◆ What you will do
Reproduce the entire listing exactly as written, apart from its pictures.
#### Dataset section ####
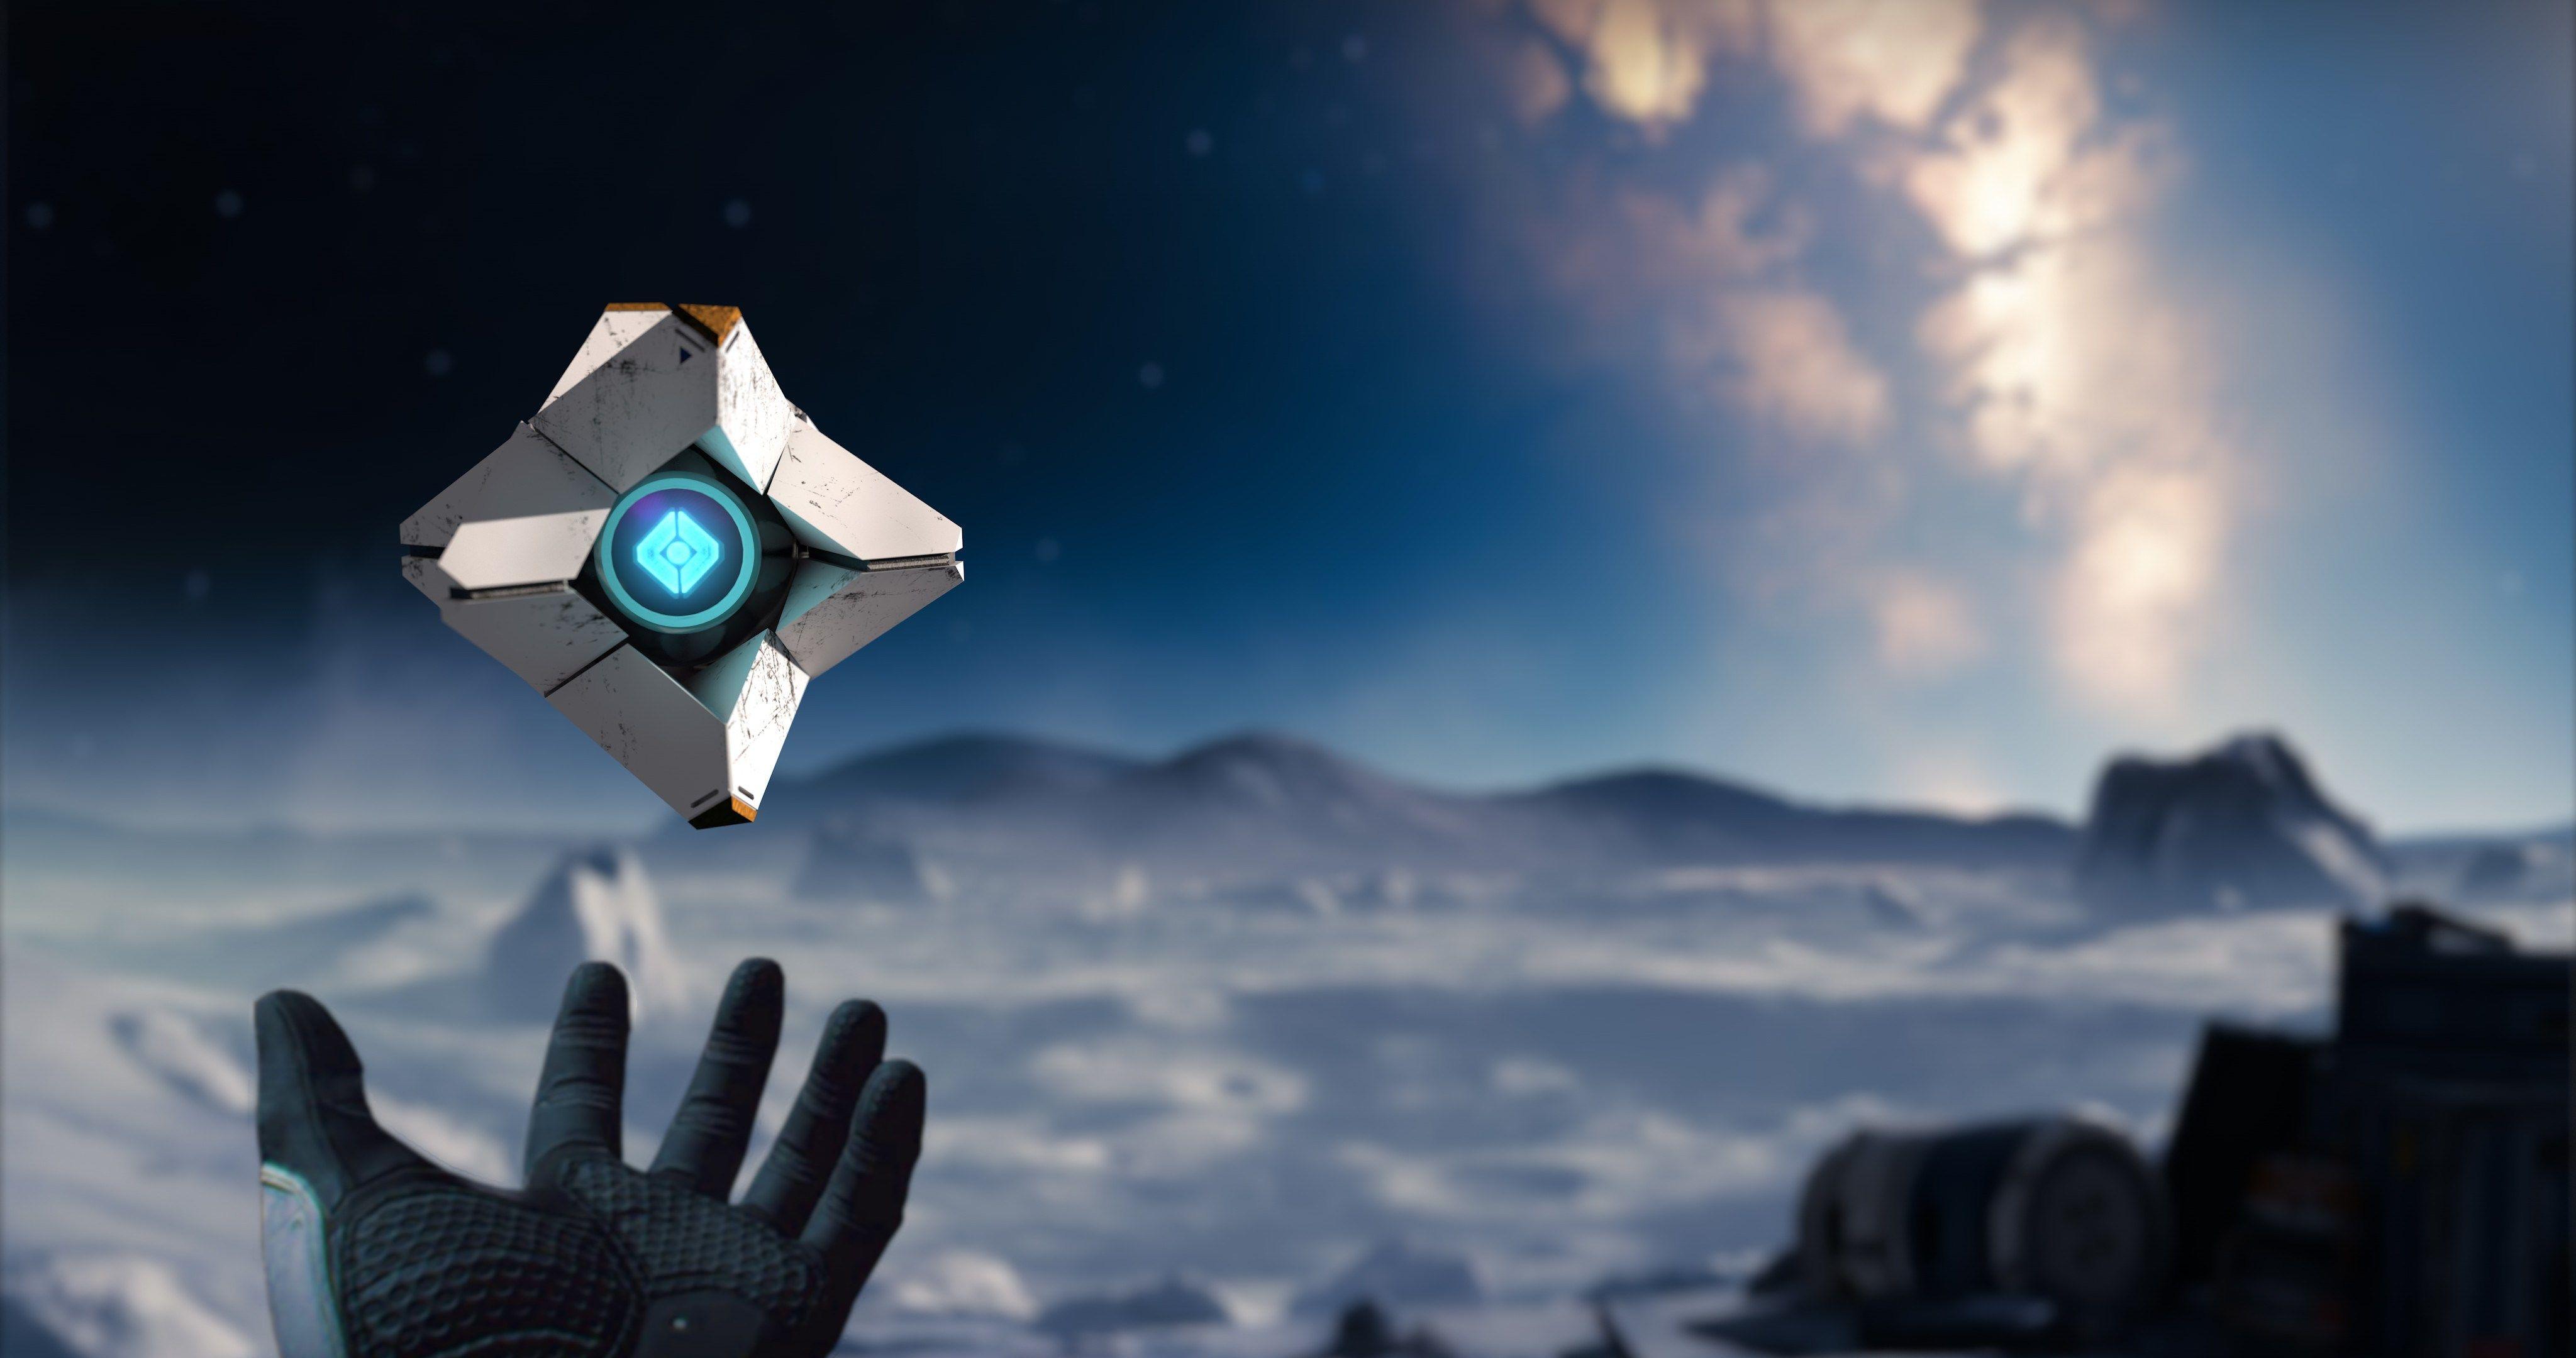 Destiny 2 Ghost Wallpapers - Top Free Destiny 2 Ghost Backgrounds
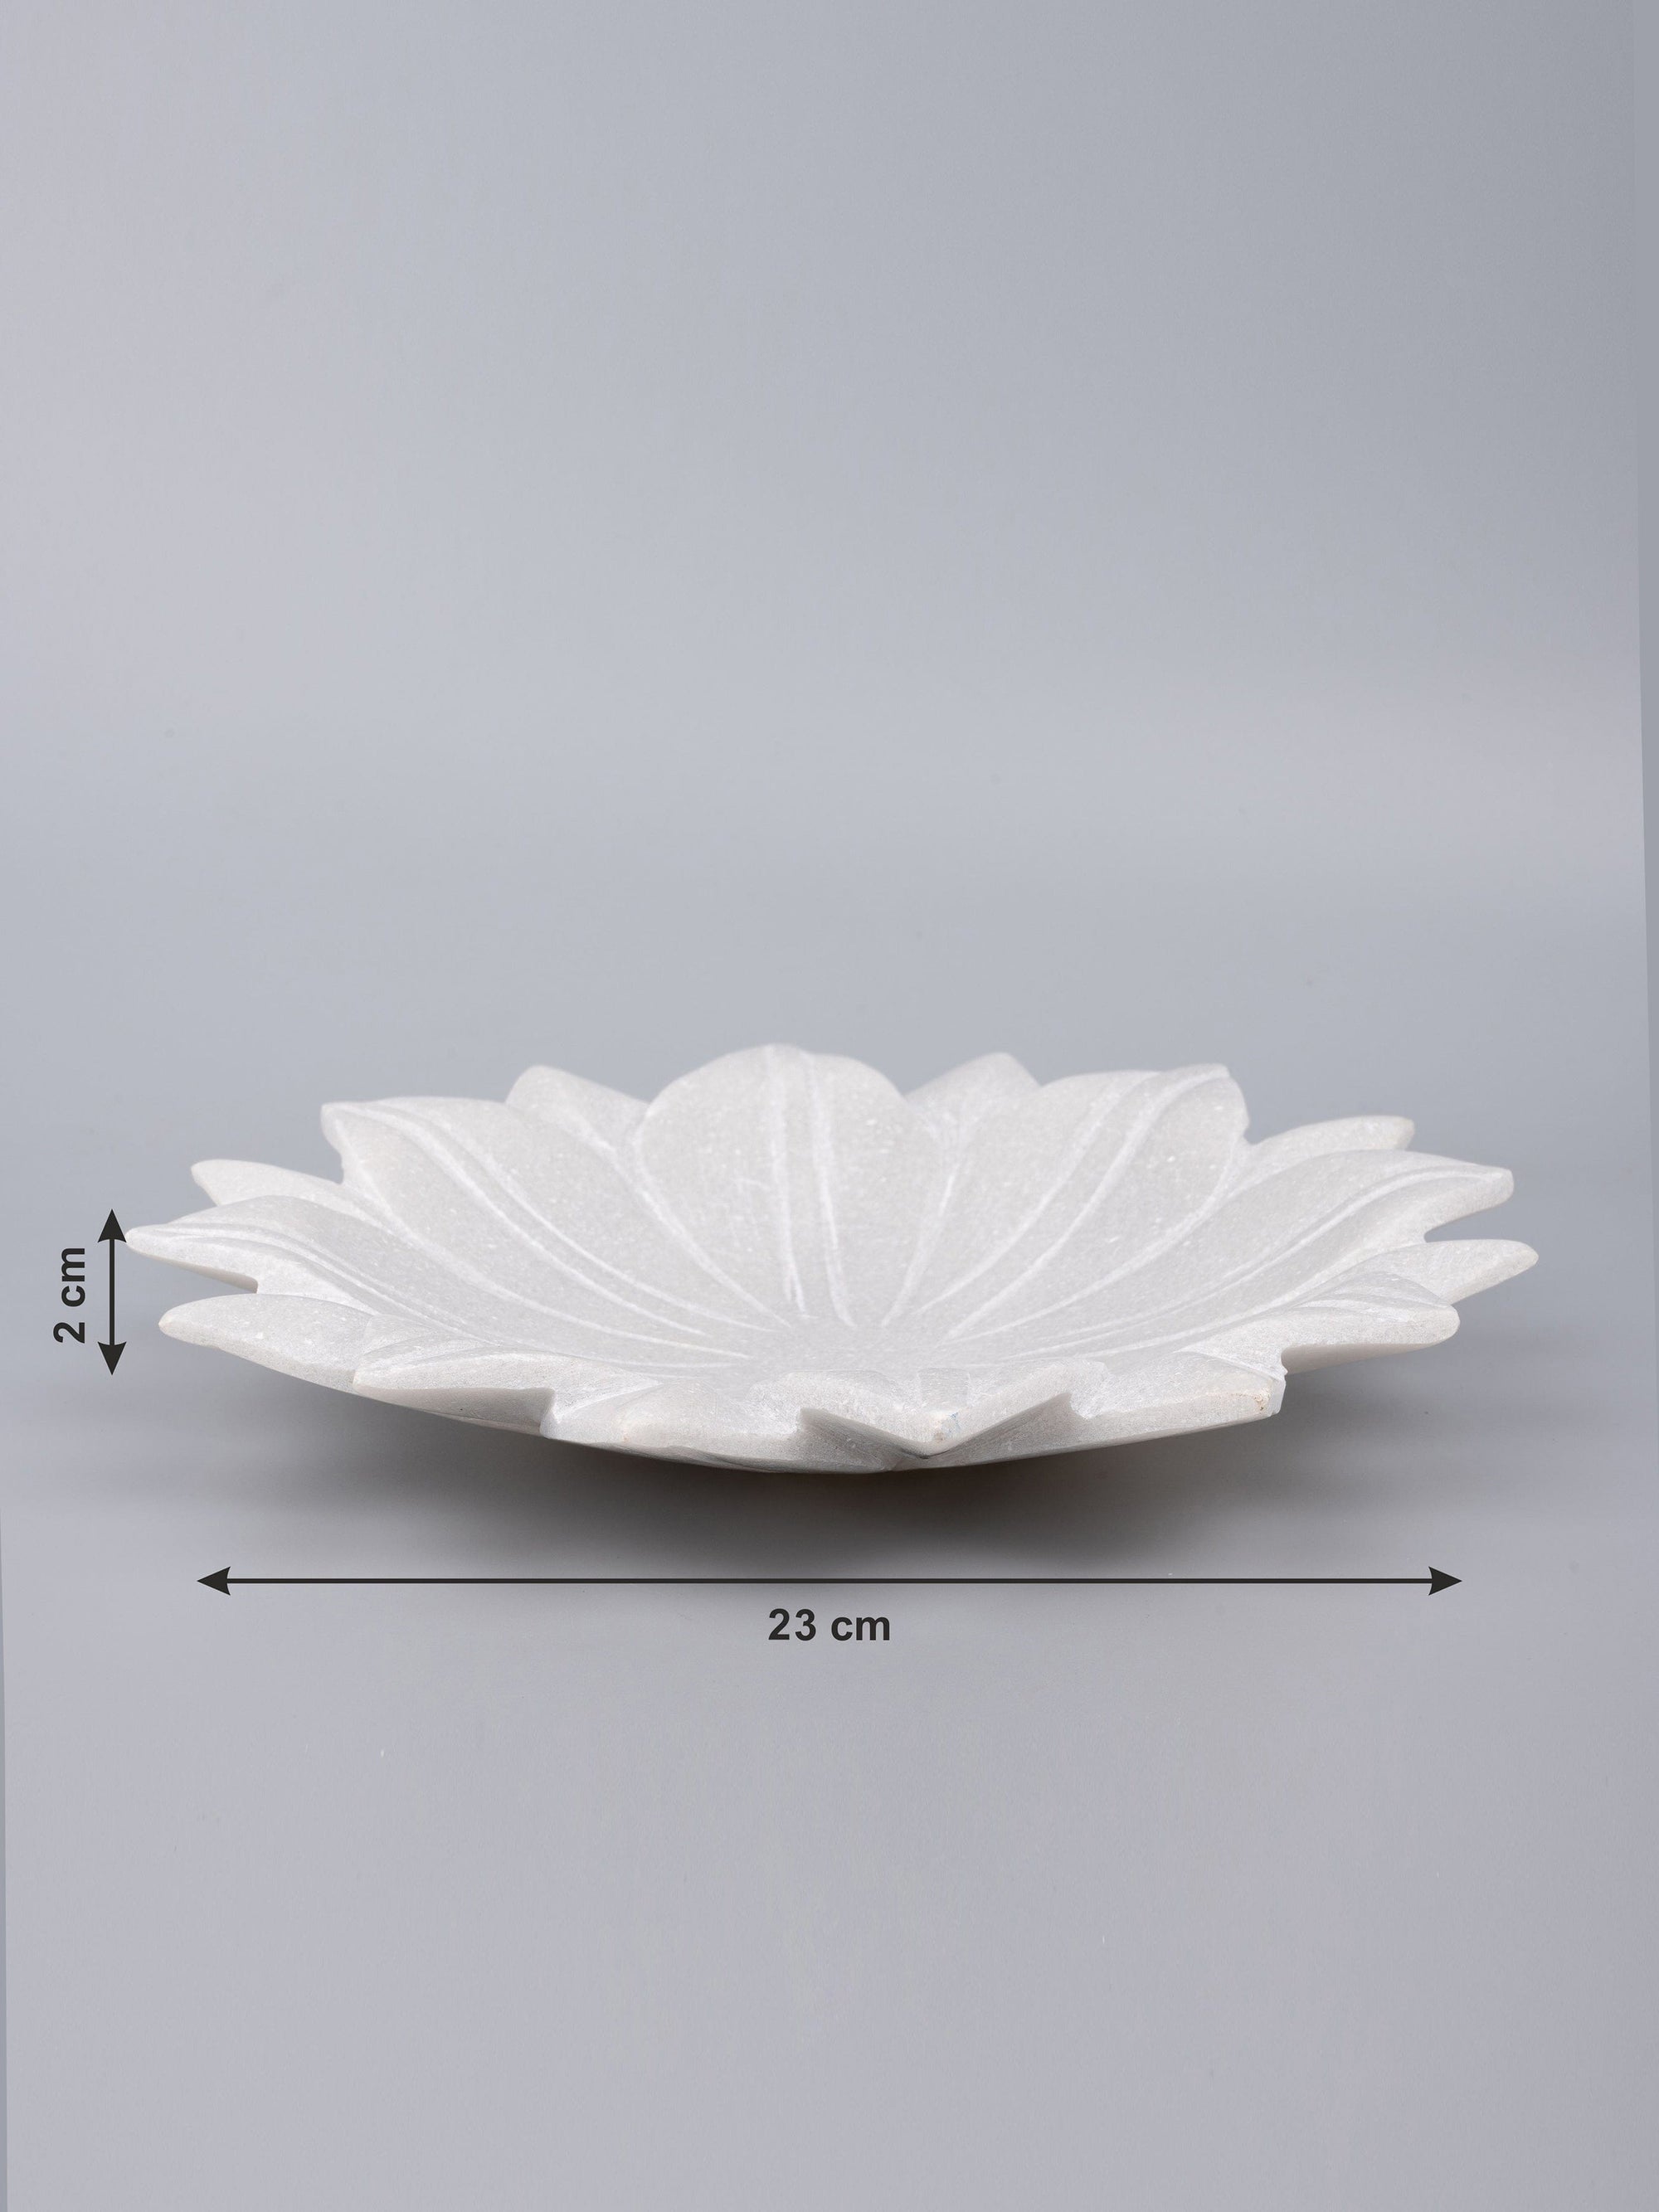 Lotus Urli bowl / plate made of pure white marble - 5 inches - The Heritage Artifacts
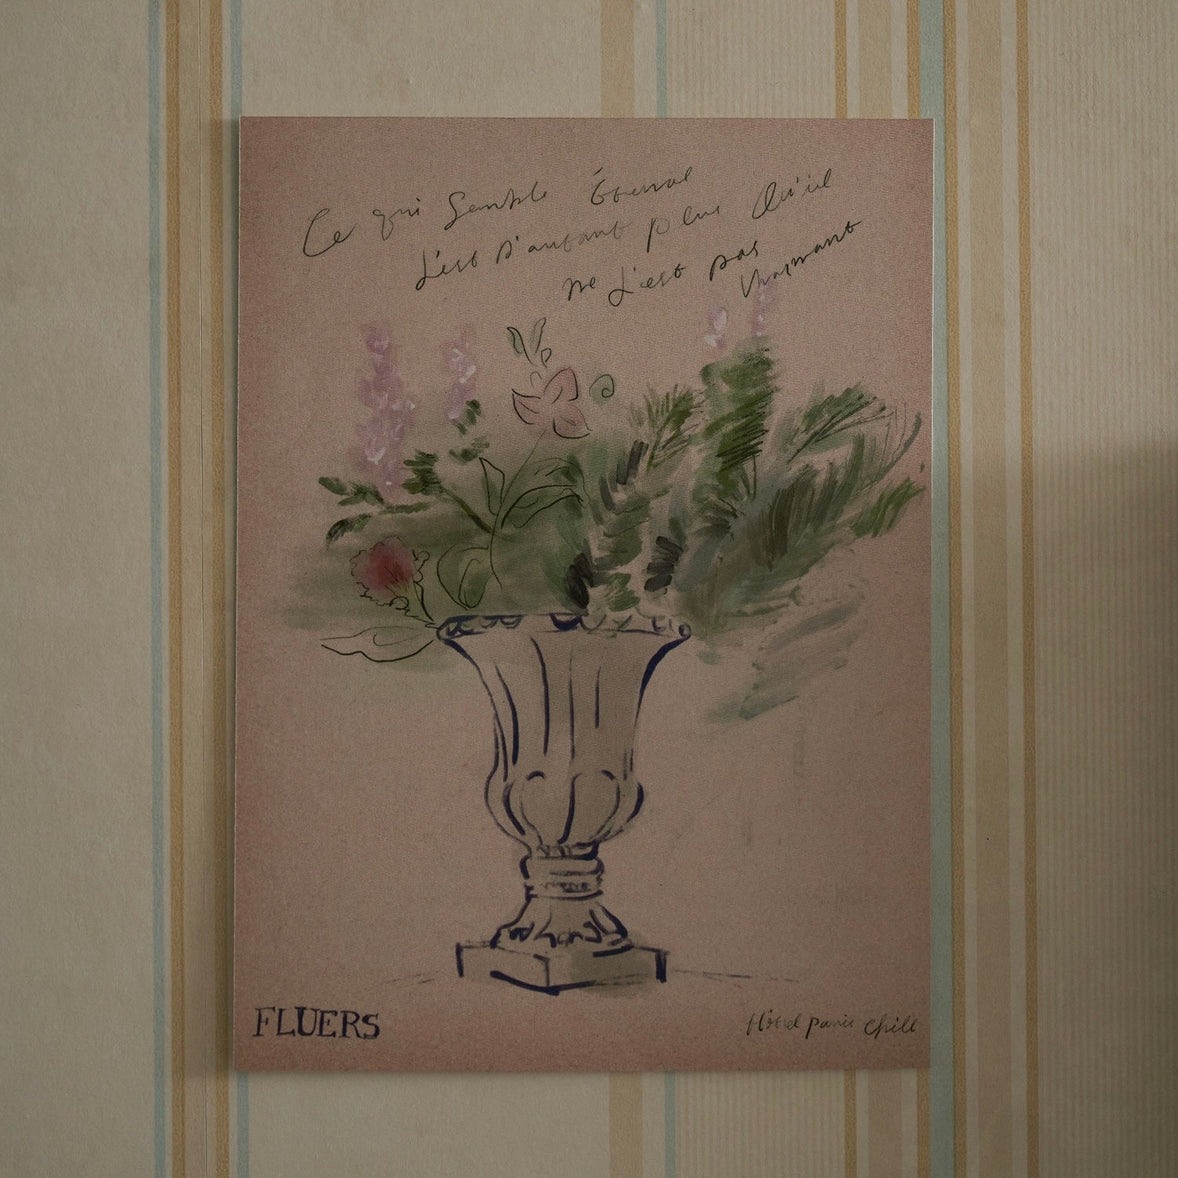 BR-3085-HOTEL PARIS CHILL-HOTEL PARIS CHILL ポストカード｜The Old Pot with Flowers Postcard
####
◆ Response area
 Destiny 2 Ghost Wallpapers - Top Free Destiny 2 Ghost Backgrounds
 Lotus Urli bowl / plate made of pure white marble - 5 inches - The Heritage Artifacts
 BR-3085-HOTEL PARIS CHILL-HOTEL PARIS CHILL ポストカード｜The Old Pot with Flowers Postcard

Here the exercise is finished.